Many businesses choose to specialize in providing only a few select services, limiting their scope in the hopes of improving performance. However, some companies can also find a unique niche by taking on an amazingly wide variety of tasks that would otherwise require hiring a number of less-diversified businesses or organizations to accomplish. Force Corporation of LaPorte, Texas, seems like a prime example of the latter.
RAILROAD MAINTENANCE DIVISION
Started by Jack Jackson back in 1973, Force Corporation started out as a merit shop general contractor serving the industrial market. Because of its location on the Texas Gulf Coast, Force worked in many of the petrochemical plants, refineries, and terminals in the area and started a railroad maintenance division in 1976. Jack’s son, Mike Jackson, grew up working for the company and assumed operational control while also serving as a Texas State Representative and Senator for 24 years. Since then, Force has continued to grow, providing full-service construction, railroad. and industrial maintenance services in both Texas and Louisiana.

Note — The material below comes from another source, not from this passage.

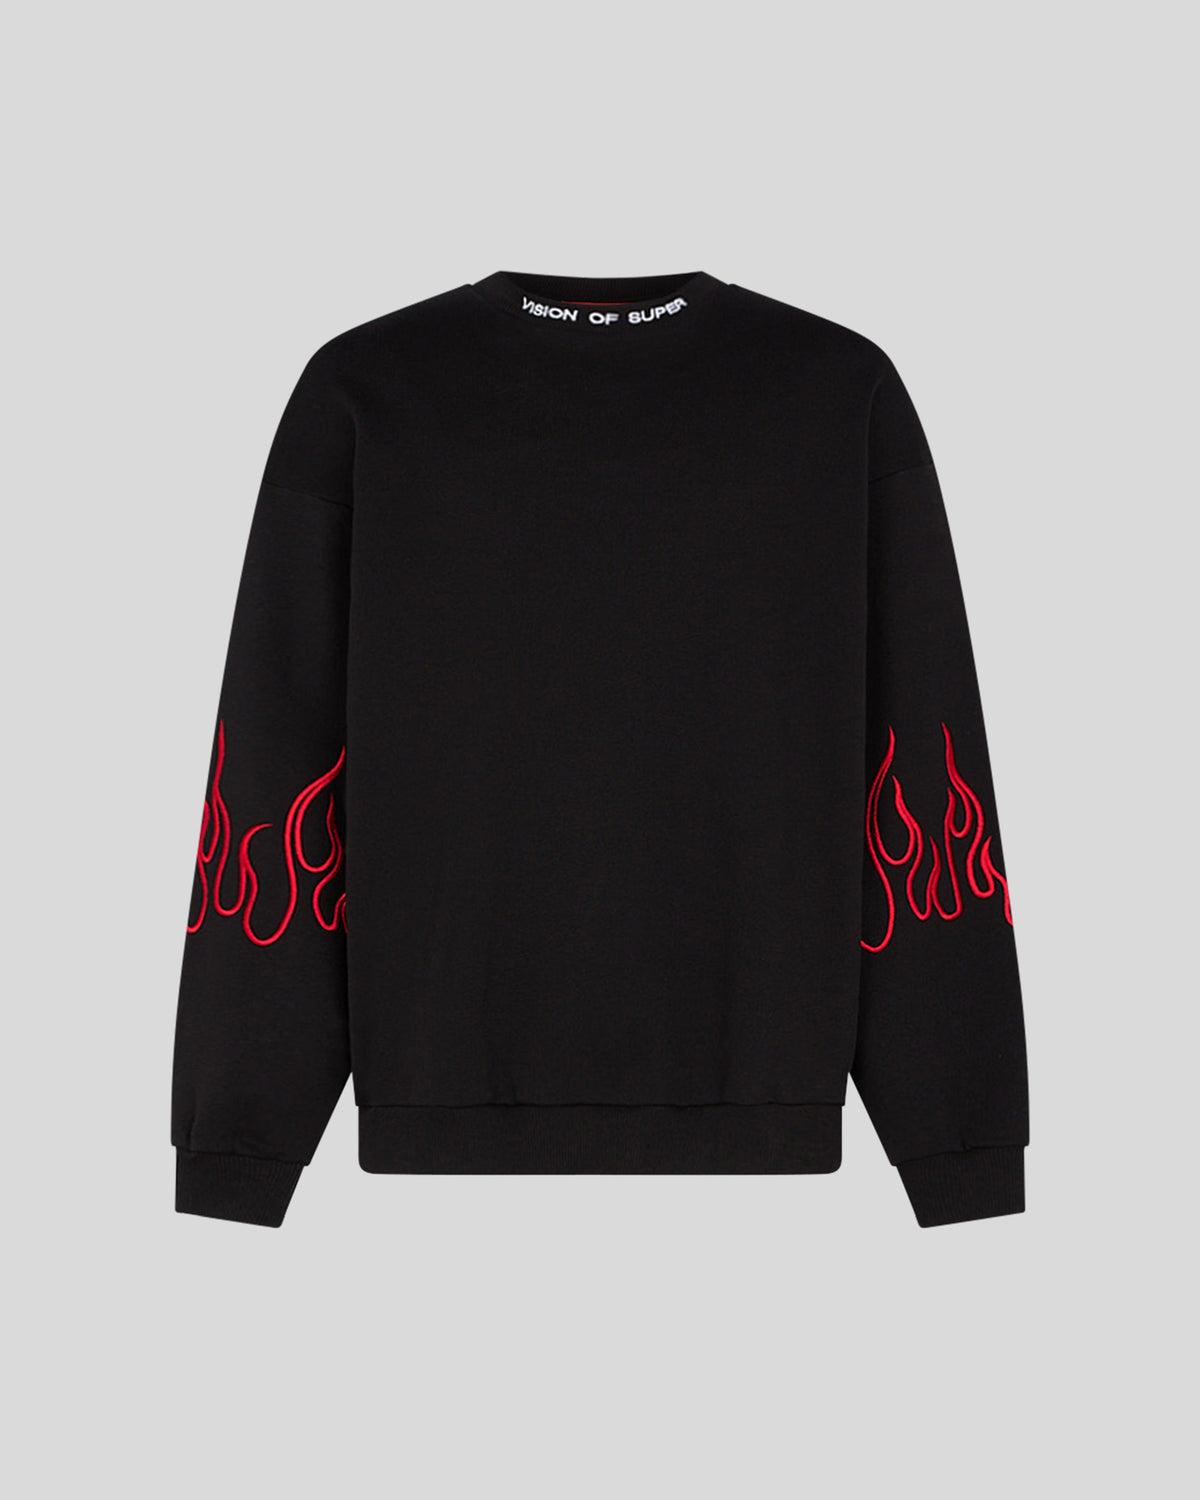 VISION OF SUPER BLACK CREWNECK WITH RED EMBROIDERED FLAMES

“In a nutshell, we’re a general industrial contractor and a railroad construction company working predominantly in the Houston Ship Channel area,” says Rusty Barnhill, president of Force Corporation. “Our railroad division works in many of the plants in and around Houston. However, 3 years ago, we branched out our railroad operations by also opening an office in Plaquemine, Louisiana. We’ve doubled our workload there in the past year alone.”
On the industrial side of the business, Force has been providing continuing construction services in some plants for more than 35 years. As a general industrial contractor, Force provides construction services for capital construction and supplemental maintenance contracts for many industrial customers. Forces capabilities range from heavy civil, structural, piping, and mechanical to lump sum EPC construction.
Featured Image: The backhoes come equipped with hydraulic thumb and bucket attachments that are particularly useful for handling railroad ties and tamping ballasts.
Above: Force Corporation’s dedication to quality and excellence extends to the equipment the company has chosen to use on its various construction and maintenance jobsites.
DEDICATION TO QUALITY
Barnhill joined the Force team 5 years ago in 2011. As the company’s president, he oversees Force’s day-to-day operations, but also wears many other hats depending on the organization’s immediate needs. He’s very proud of what Force has accomplished over the past few years, and for good reason. “Since 2011, Force has more than quadrupled in capital volume and has experienced significant growth,” Barnhill says. “We’ve taken steps to surround ourselves with the best personnel and management team that our industry has to offer, and we take good care of our people. That philosophy has definitely served us well.”
Force Corporation’s dedication to quality and excellence extends to the equipment the company has chosen to use on its various construction and maintenance jobsites. Force currently owns a JCB JS160 hydraulic excavator and 12 JCB 3CX backhoes, ten of which were purchased in the last 3 years. While the JS160 excavator is used primarily for civil work, such as preparing foundations and road beds, the 3CX backhoes tackle various tasks for Force’s railroad construction and maintenance operations. The backhoes come equipped with hydraulic thumb and bucket attachments that are particularly useful for handling railroad ties and tamping ballasts.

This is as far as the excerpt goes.